Especializada no desenvolvimento de produtos inovadores com foco no setor de construção civil, a empresa Biomassa do Brasil é uma das startups aceleradas pelo programa InovAtiva Brasil . Este ano, a empresa ganhou destaque por utilizar o produto feito de argamassa sustentável na construção do Parque Olímpico no Rio de Janeiro.  

A startup ofereceu à construtora do parque soluções viáveis que simplificam o dia a dia de uma obra ou reforma. “Nós nos inscrevemos como fornecedores na categoria sustentabilidade e logo fomos selecionados.
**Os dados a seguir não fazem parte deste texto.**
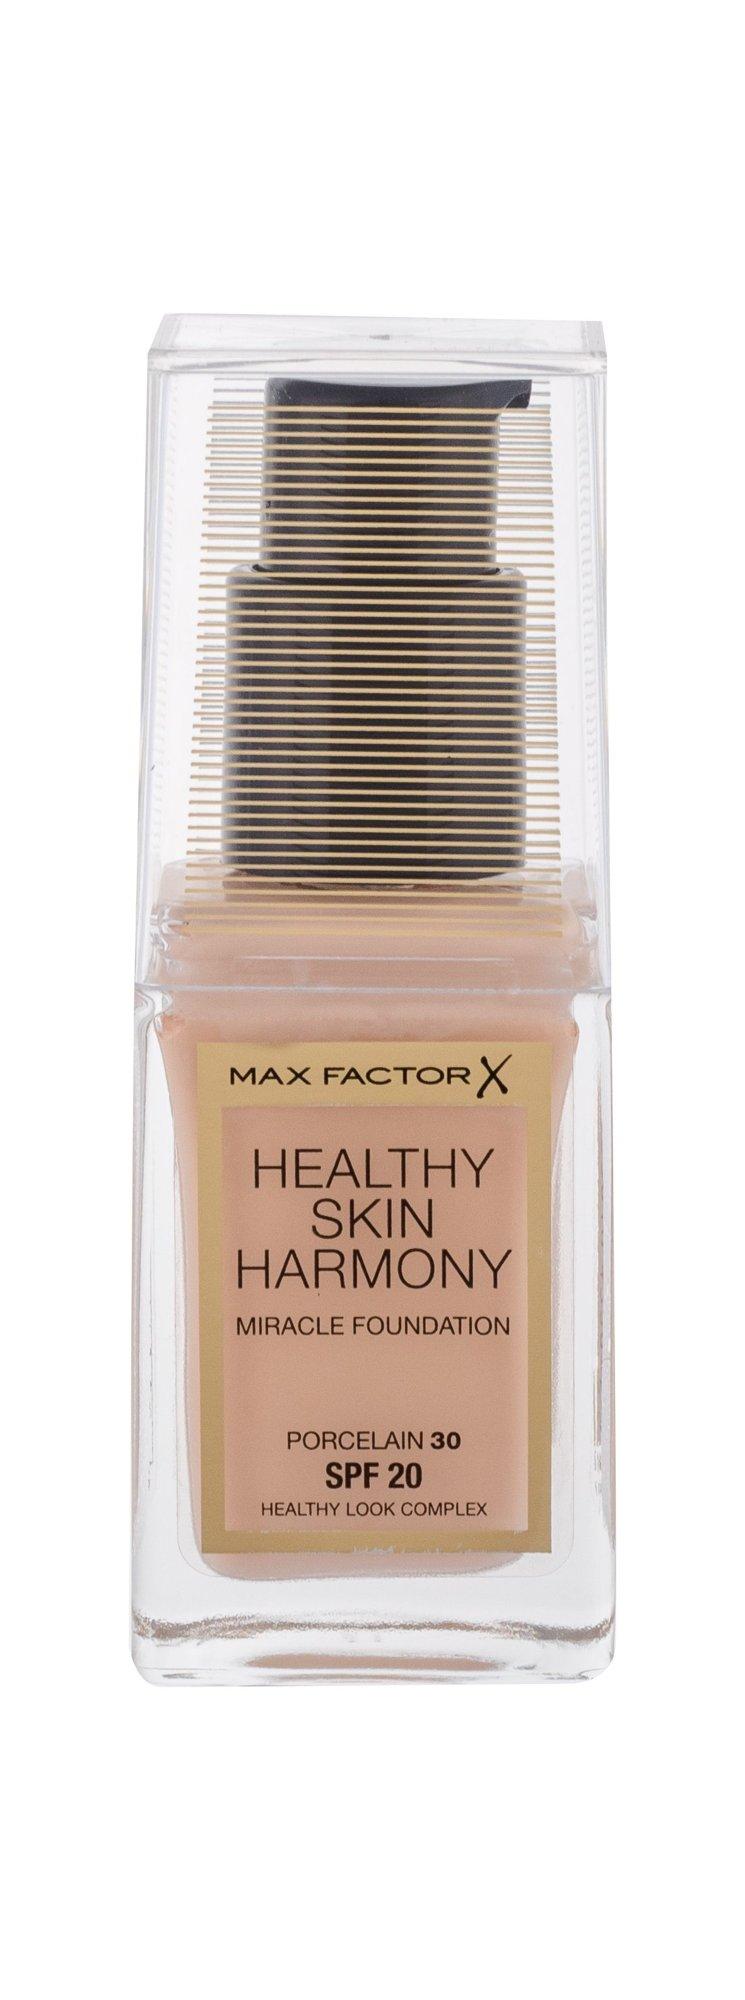 Max Factor Healthy Skin Harmony Makeup 30ml 30 Porcelain
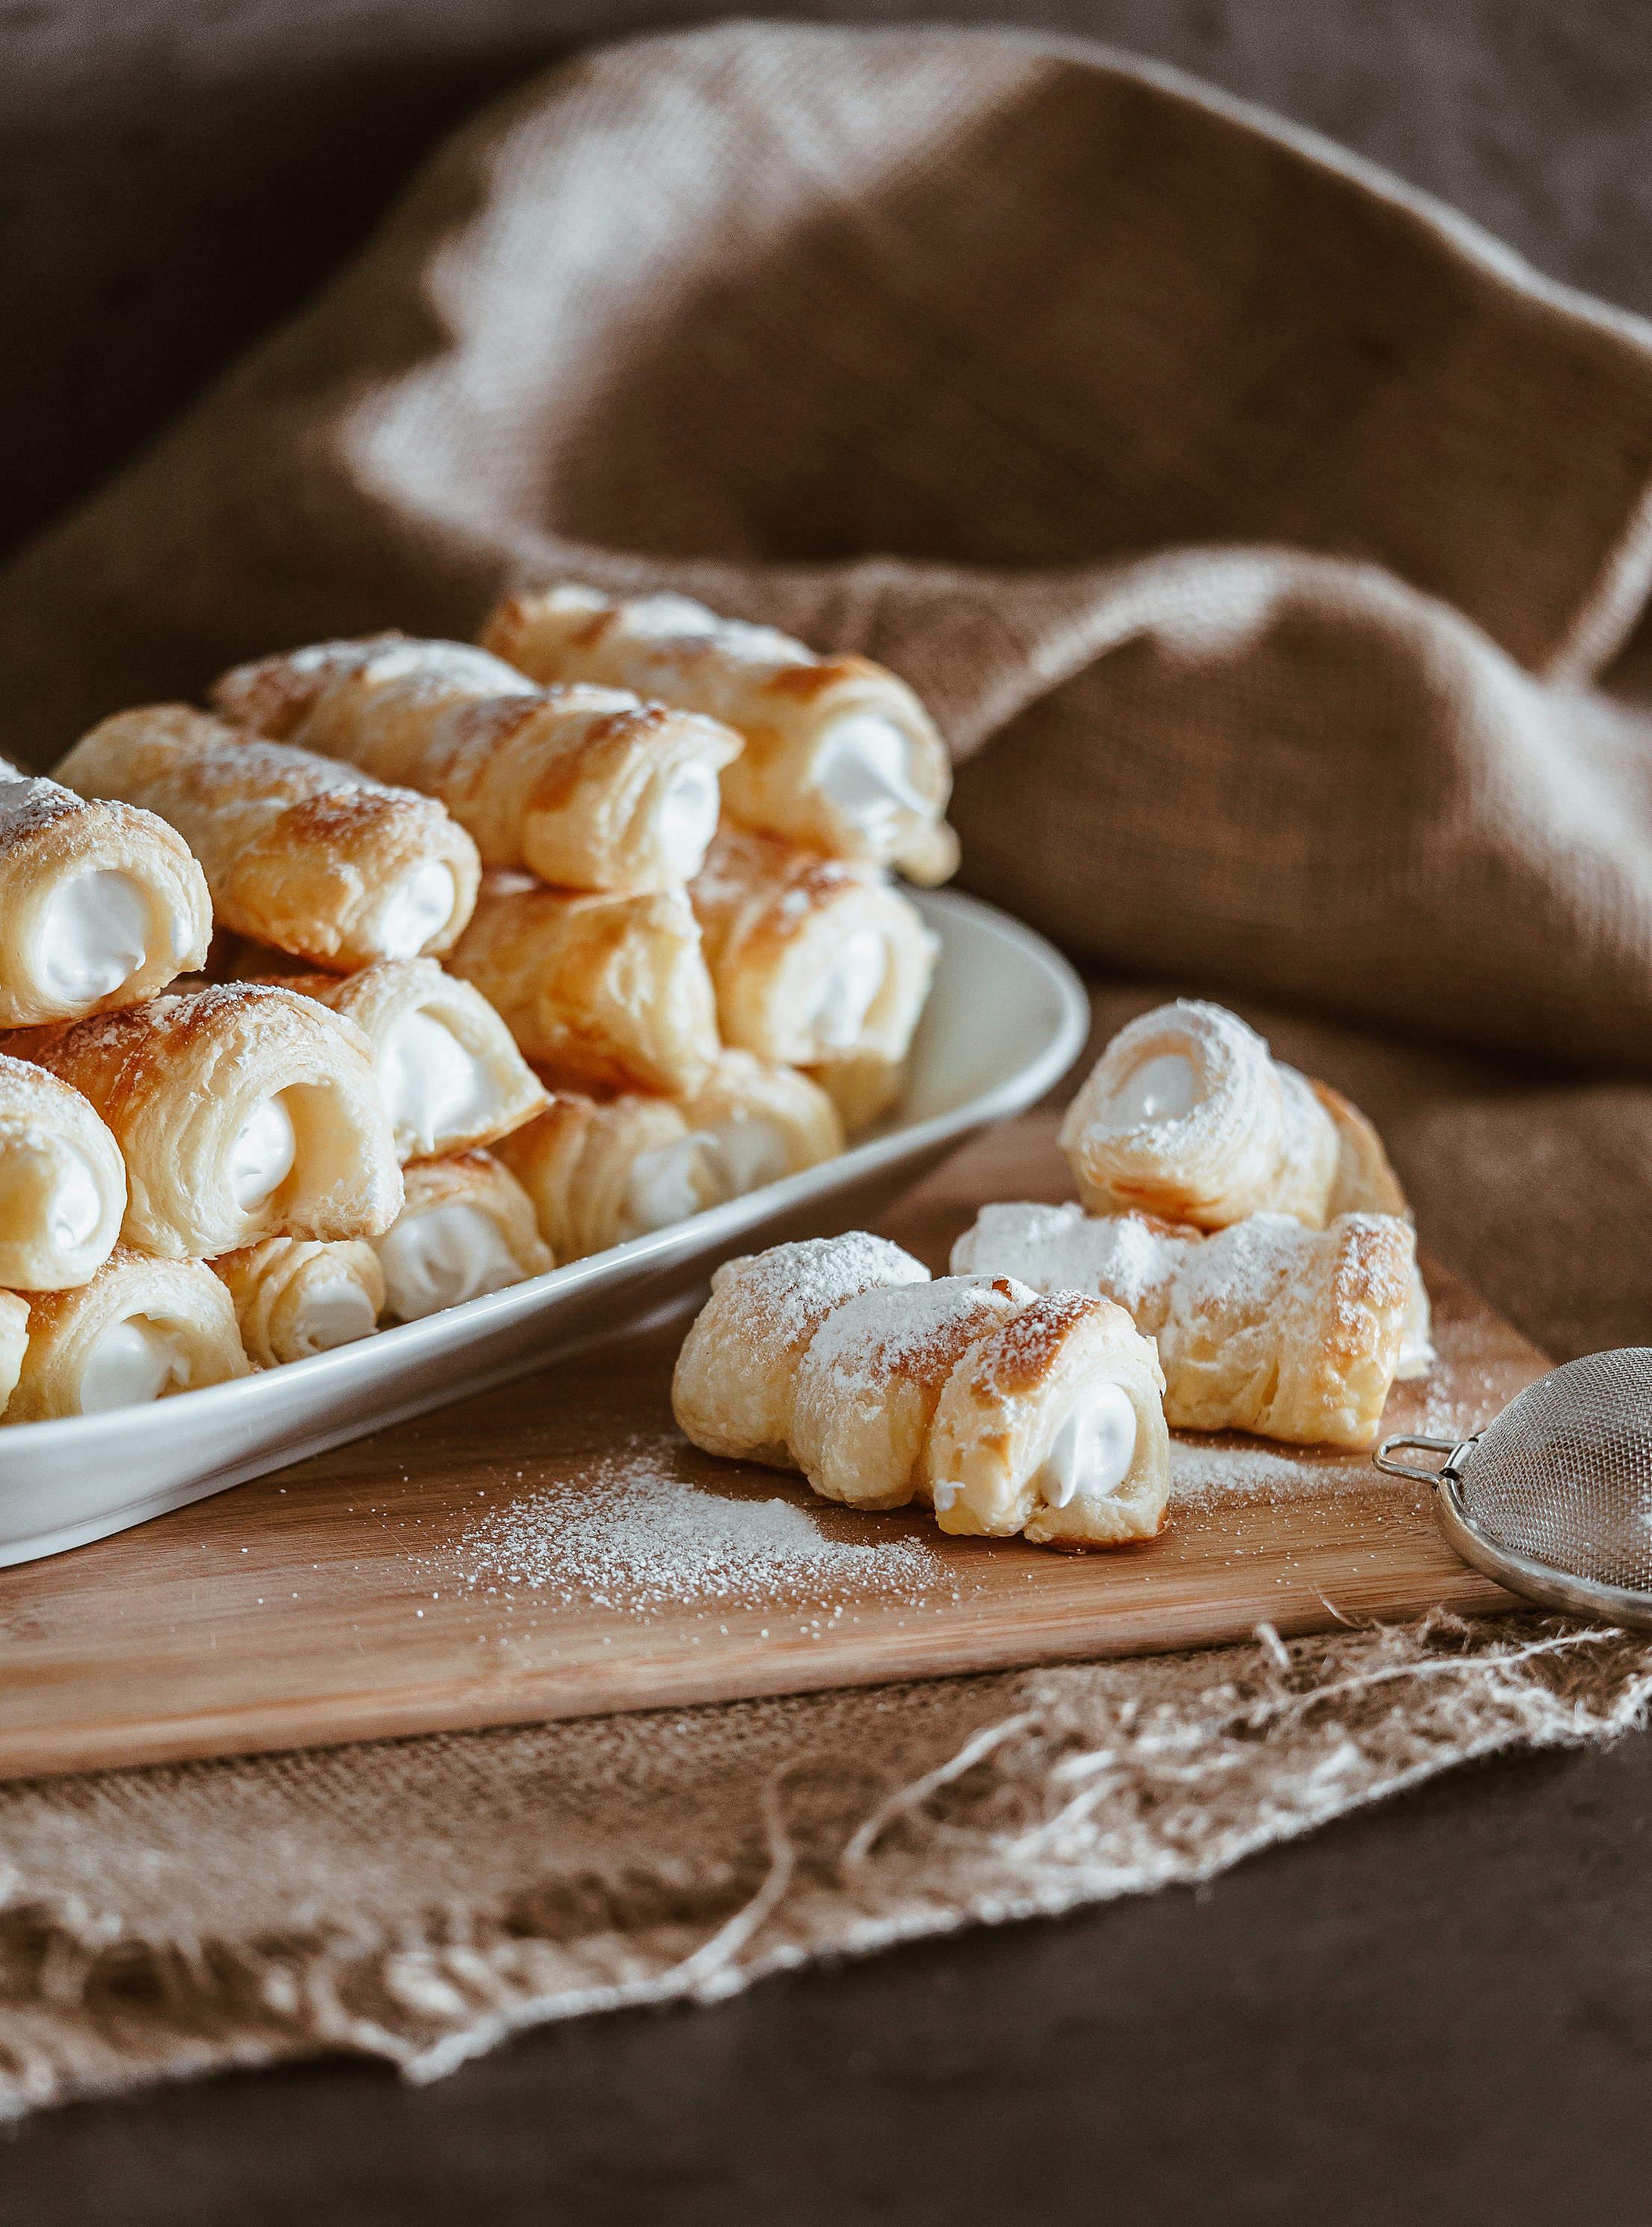 Sweet Austrian Pastry Schaumrollen Free Stock Photo

Nosso produto conseguiu gerar uma grande economia no consumo dos recursos usados na obra”, afirma o diretor executivo da Biomassa do Brasil, Gilberto Strafacci Neto.

O Parque Olímpico economizou cerca de 125 mil litros de água na obra com a utilização da argamassa Biomassa do Brasil. Para Gilberto, participar da construção dessa estrutura é um grande marco para a empresa. “Este é um produto que já vai pronto para a construção, por isso a economia na água. É muito gratificante saber que um produto da minha empresa fez parte da história das Olímpiadas do Rio”, comemora.

A Biomassa do Brasil participou em 2015 do ciclo da aceleração do InovAtiva Brasil, o que proporcionou à empresa um leque de oportunidades e conhecimento. “A mentoria do InovAtiva mudou completamente nossa visão de mercado. Acredito que estamos mais focados nos nossos objetivos. Recebemos acompanhamento antes e depois da nossa participação. Conseguimos, inclusive, clientes fora do Brasil” ressalta o diretor.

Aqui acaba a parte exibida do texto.